世界の組織工学の市場規模は、2024年に189億米ドルに達し、2033年には651億米ドルに達すると予測され、予測期間2025年~2033年のCAGRは14.9%で成長する見込みです。

組織工学は、特定の病態がどのように進行し、どのように治療できるかを理解するための重要なツールです。生物工学は、生物学と工学の原理を組み合わせた幅広い学問分野です。生物工学は、生物学の研究に工学的なアプローチを取ると表現されることもあります。組織工学では、組織の開発、損傷、創傷治癒に関与する生物学的、物理的、化学的な力を研究します。

組織工学の目標は、患者の身体とシームレスに統合できる機能的な組織や器官を作製し、最終的に患者の転帰や生活の質を向上させることです。この分野には、足場ベースの技術、細胞ベースの治療法、生物活性分子送達システムなど、さまざまなアプローチが含まれます。

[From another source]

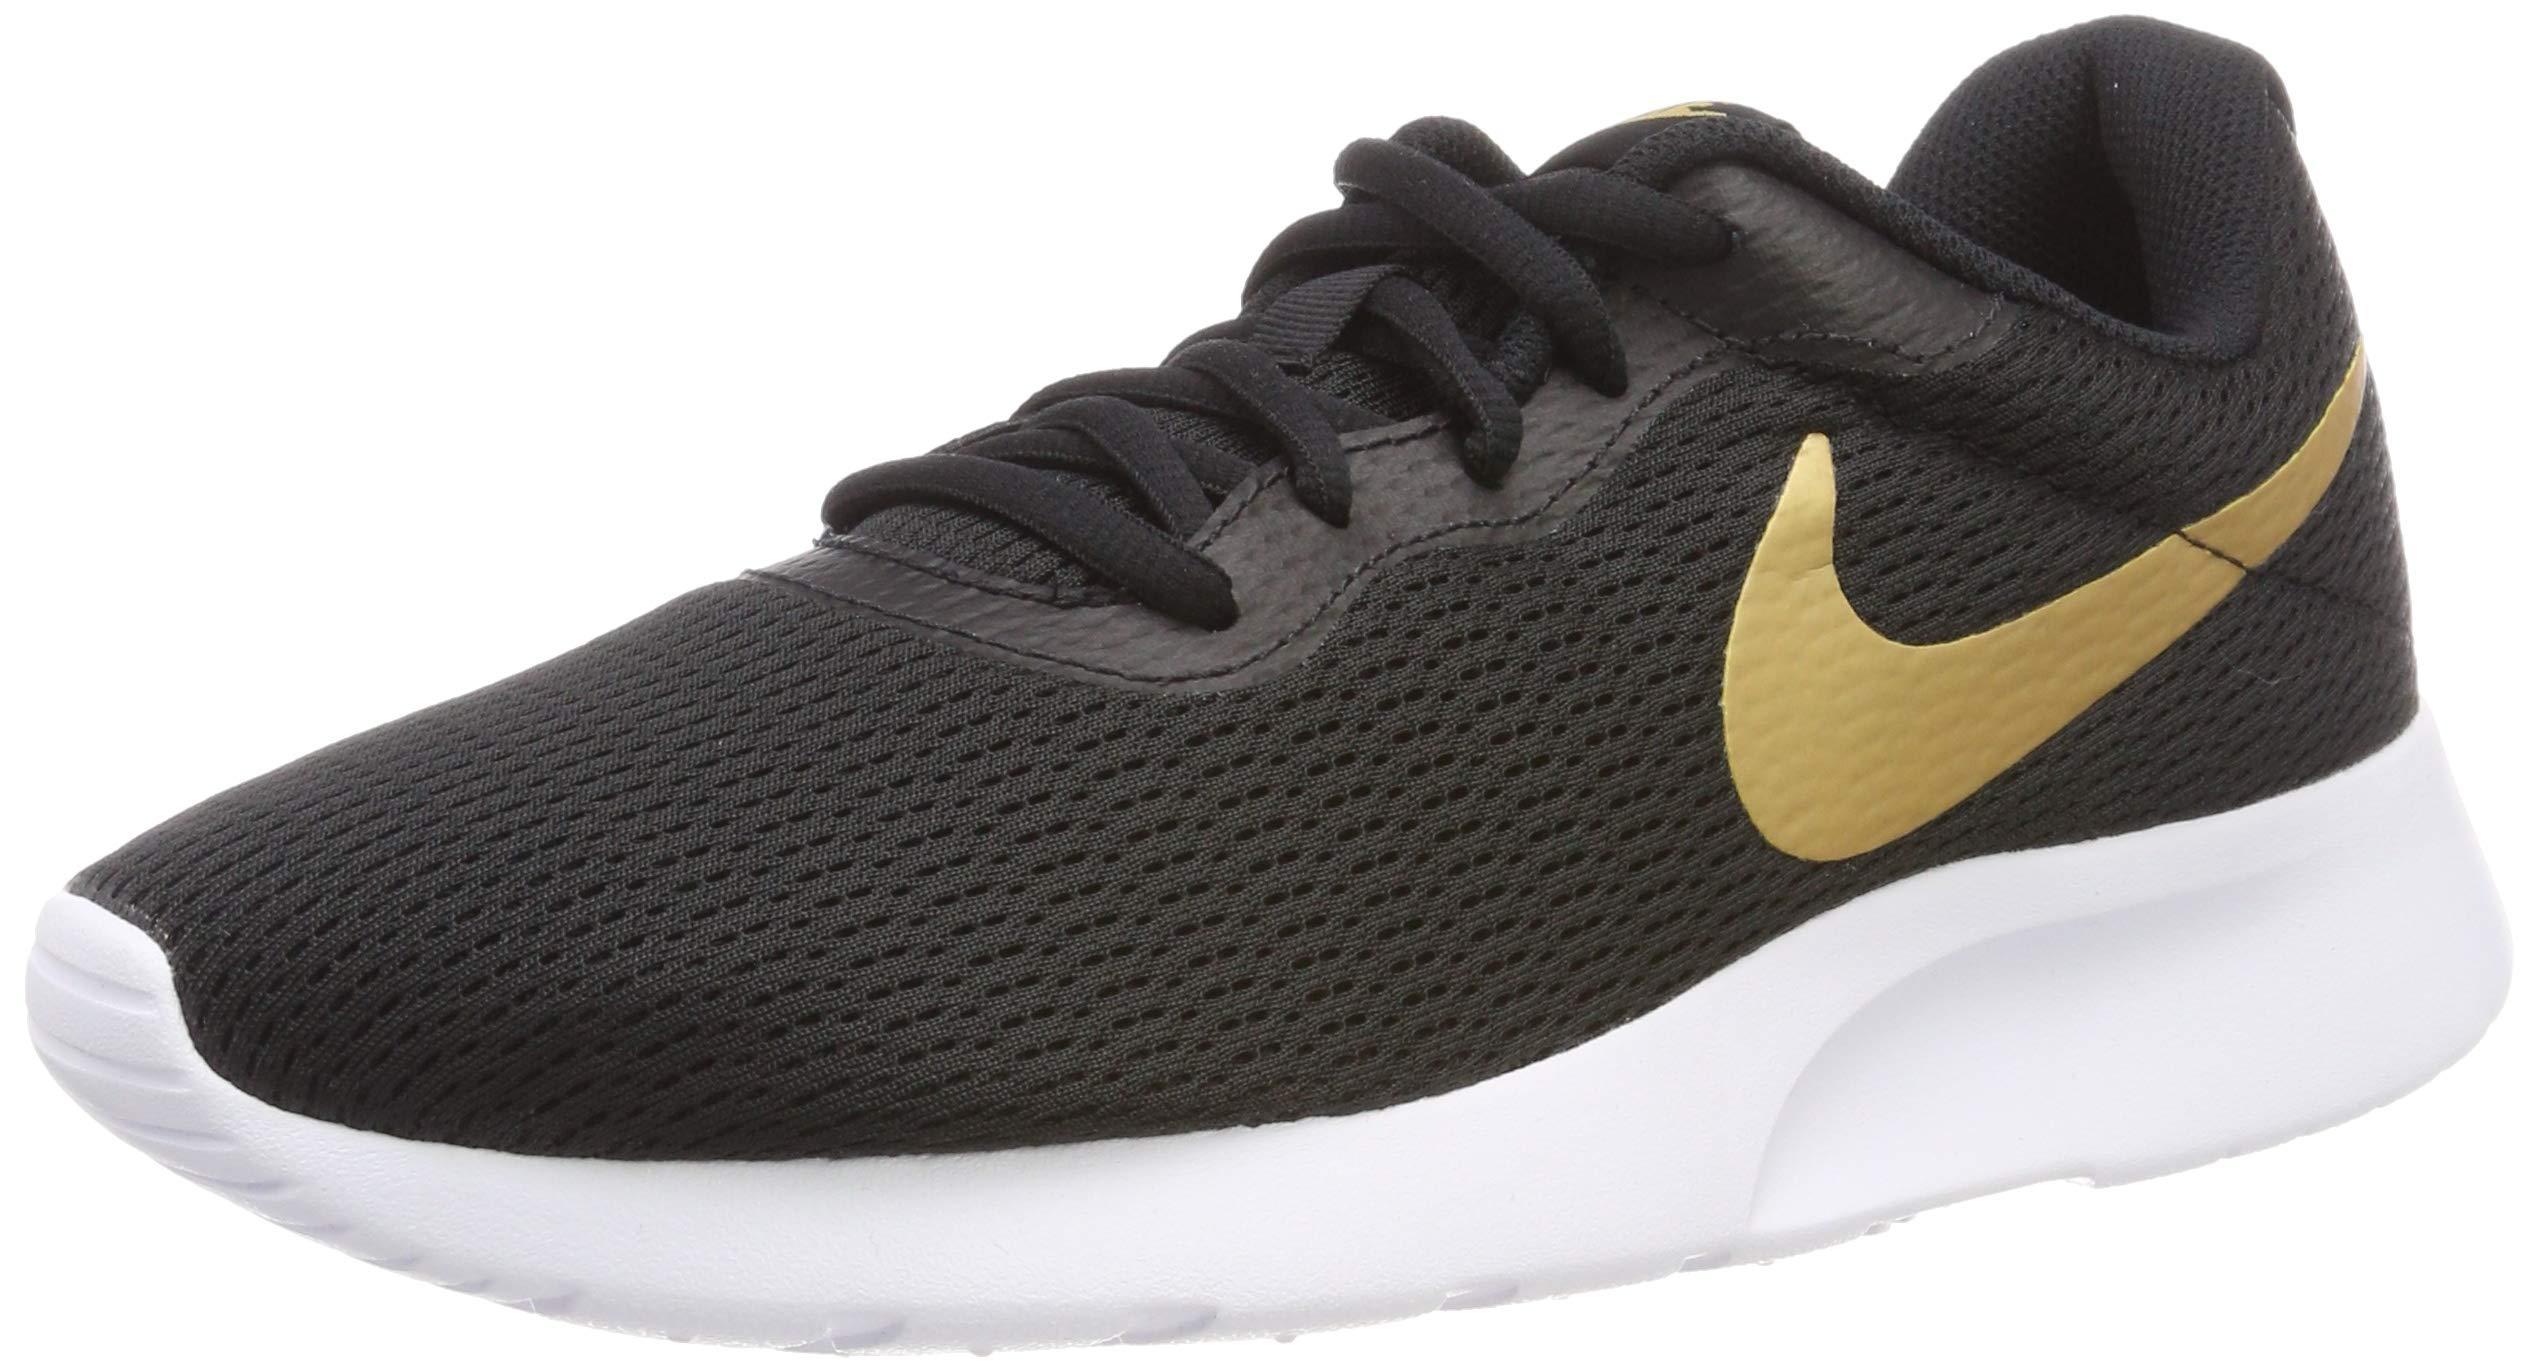 Nike Men's Tanjun, Black/Metallic Gold-White (7 M US, Black/Metallic Gold-White)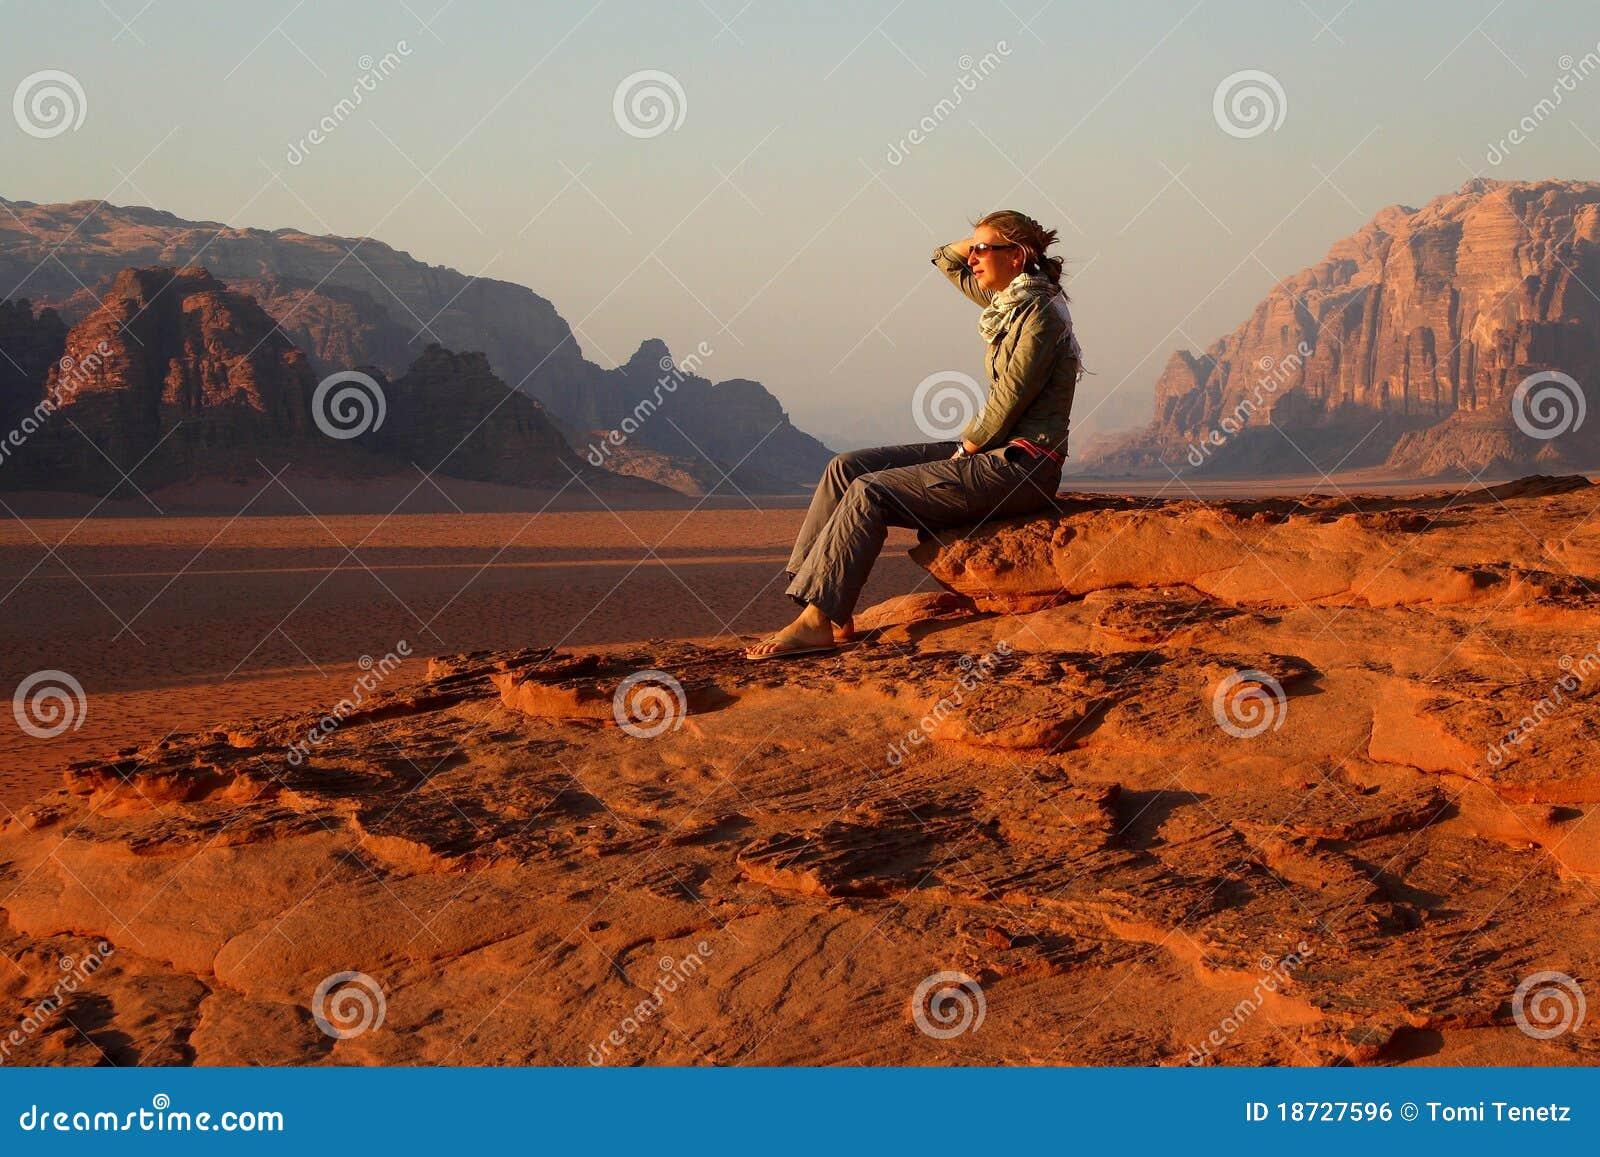 Jordan: Tourist in Wadi Rum

組織工学市場は、組織工学分野の進歩や組織工学への資金提供の増加により、一貫した成長を遂げています。例えば、2023年11月、SPRIND Funke Tissue Engineeringは、4つの意欲的なチームとともに、人工組織の主要特性を探求し実証する10ヶ月の旅を開始しました。SPRINDはこの画期的な研究を支援するため、最大50万ユーロの資金を提供しました。

市場力学:

促進要因と抑制要因

慢性疾患の増加

慢性疾患の増加傾向は、組織工学市場の成長を大きく後押ししており、予測期間中も市場を牽引すると予想されます。糖尿病、心血管疾患、変形性関節症、腎臓障害などの慢性疾患が世界的に増加するにつれて、組織工学を含む高度な治療オプションに対するニーズが高まっています。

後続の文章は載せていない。